TASK ITEM =
Return the data exactly, apart from leaving out the pictures.
==== INPUT DATA
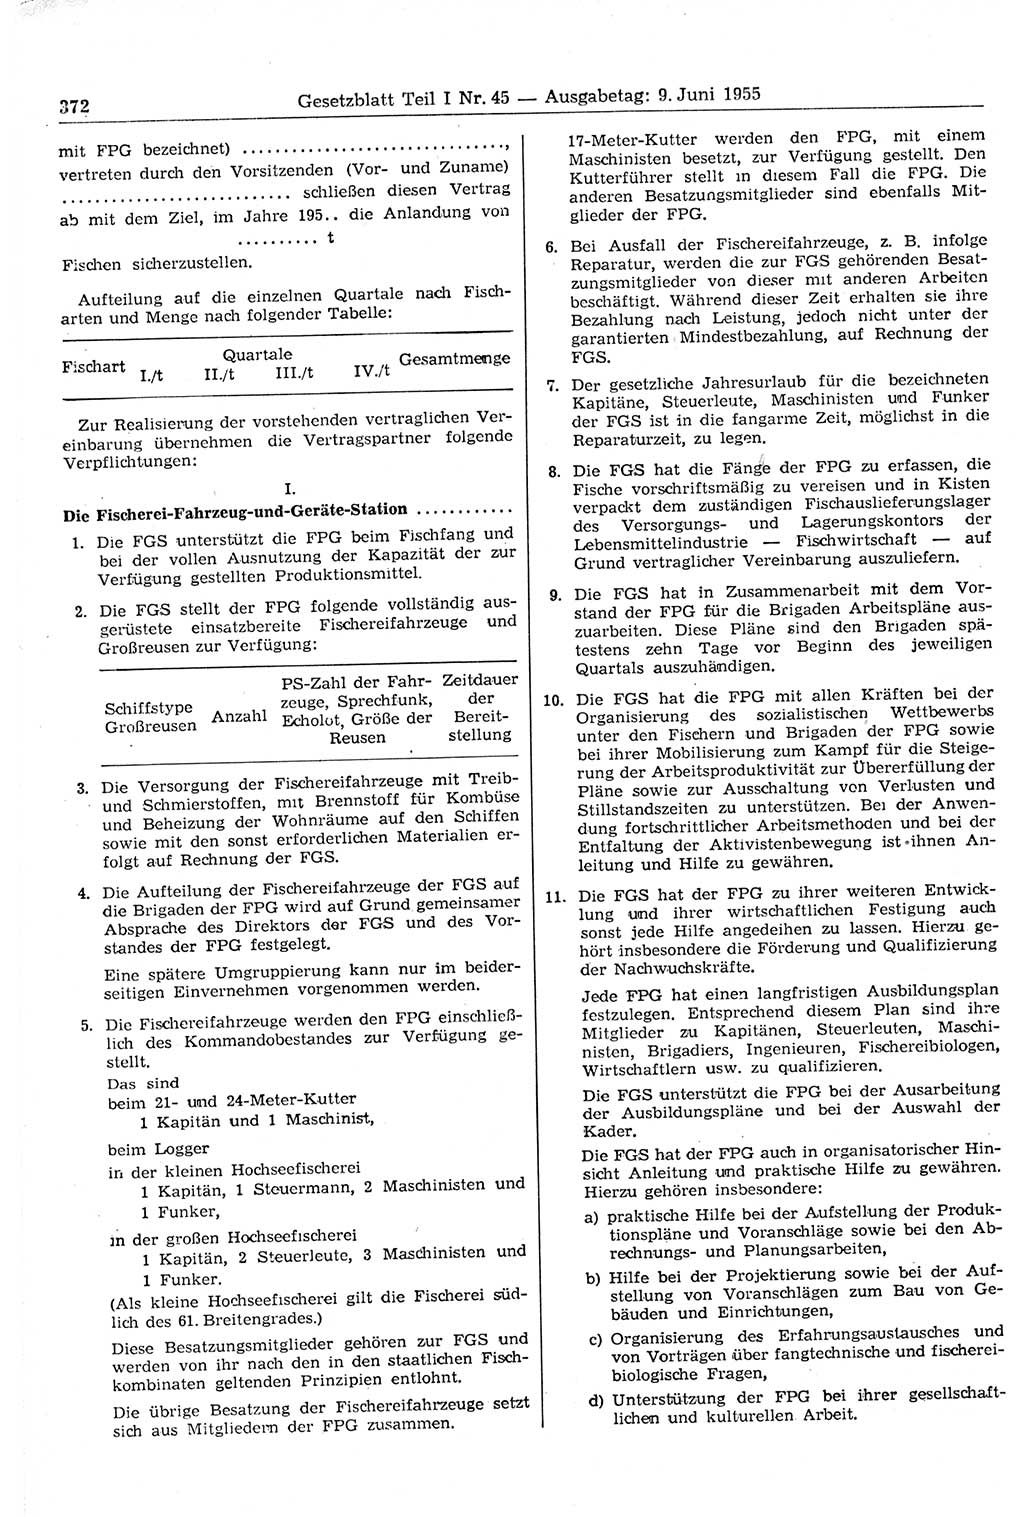 Gesetzblatt (GBl.) der Deutschen Demokratischen Republik (DDR) Teil Ⅰ 1955, Seite 372 (GBl. DDR Ⅰ 1955, S. 372)
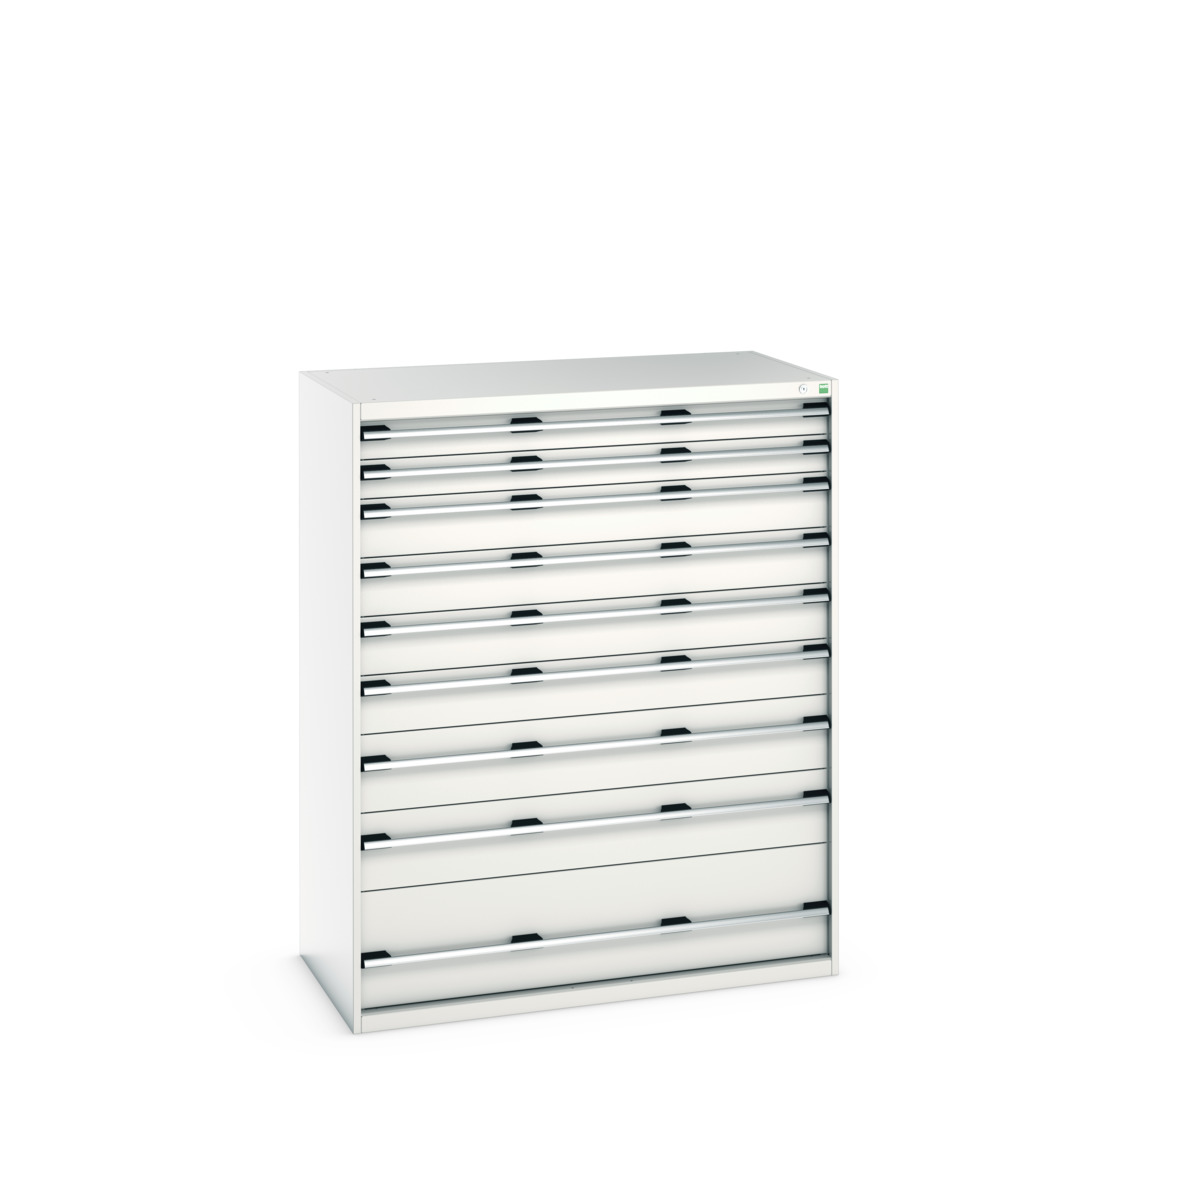 40030076.16V - cubio drawer cabinet
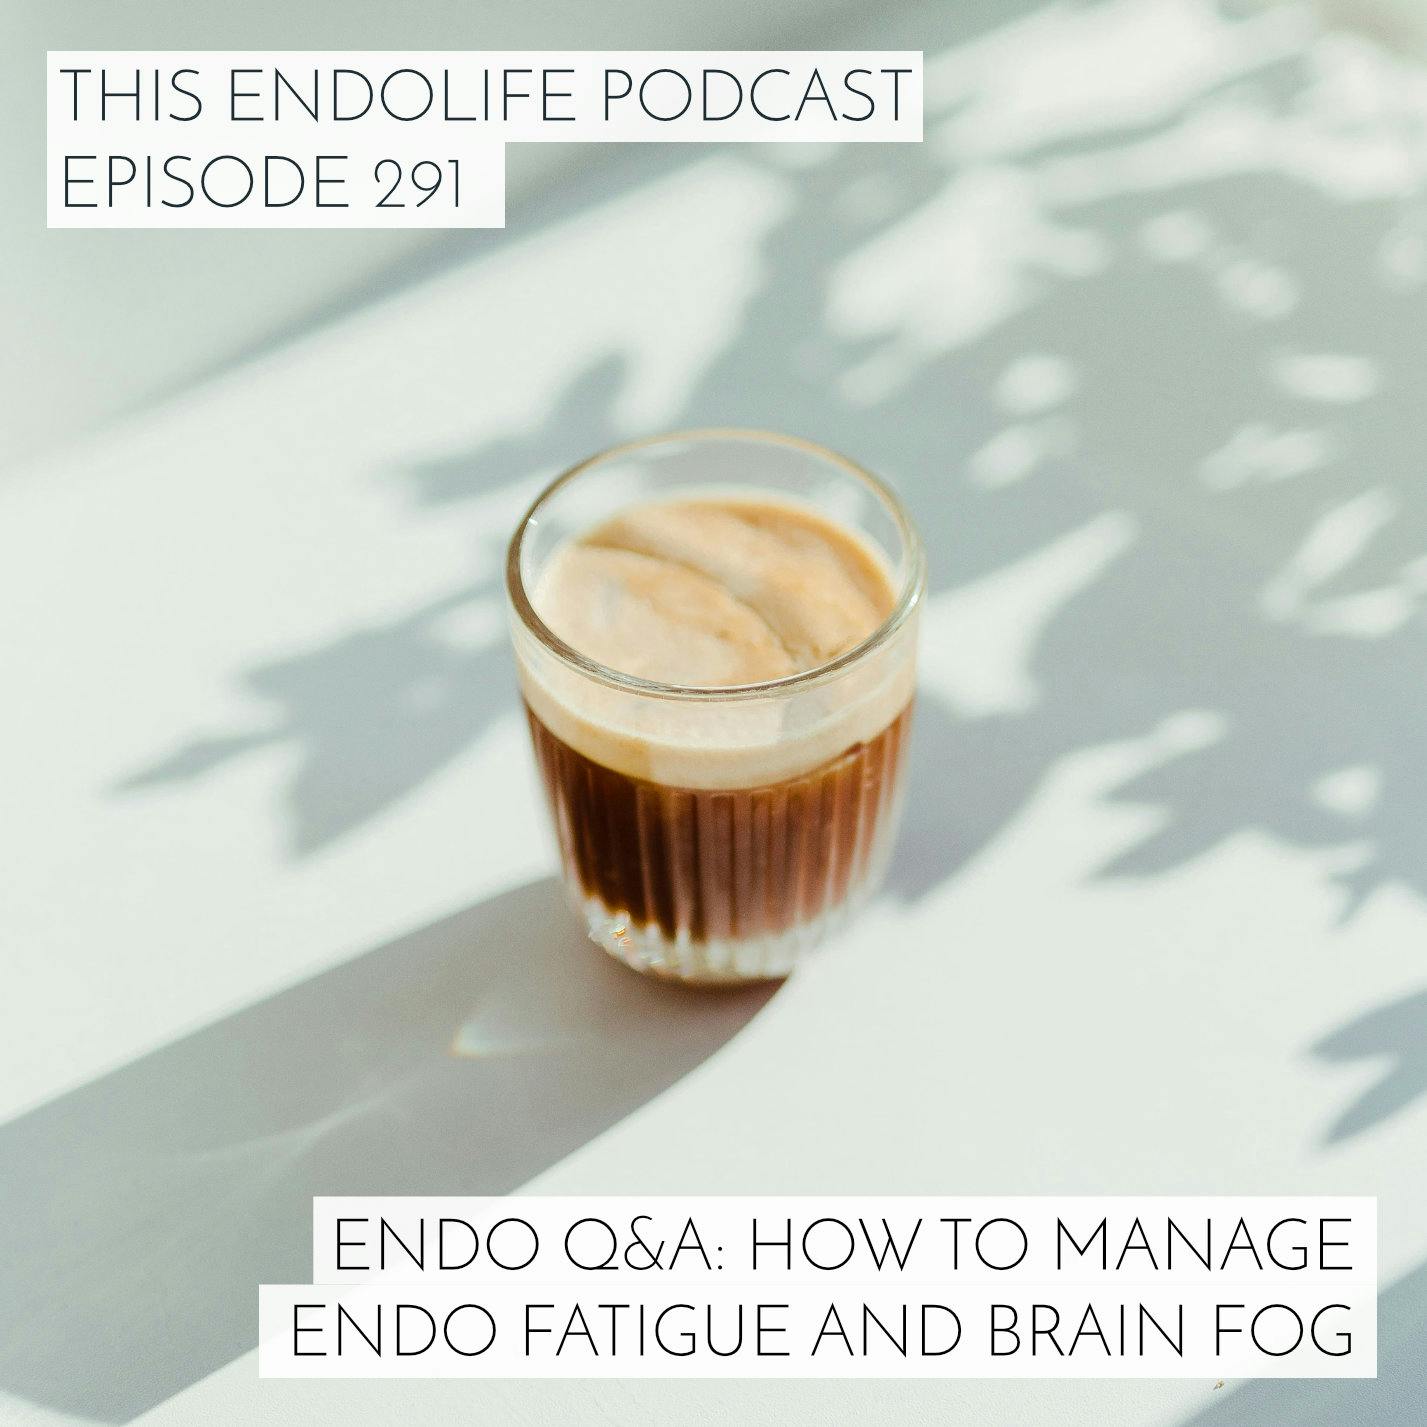 Endo Q&A: How to Manage Endo Fatigue and Brain Fog
========
EXPECTED ANSWER =
 Gesetzblatt (GBl.) der Deutschen Demokratischen Republik (DDR) Teil Ⅰ 1955, Seite 372 (GBl. DDR Ⅰ 1955, S. 372)
 40030076.16V - cubio drawer cabinet
 Endo Q&A: How to Manage Endo Fatigue and Brain Fog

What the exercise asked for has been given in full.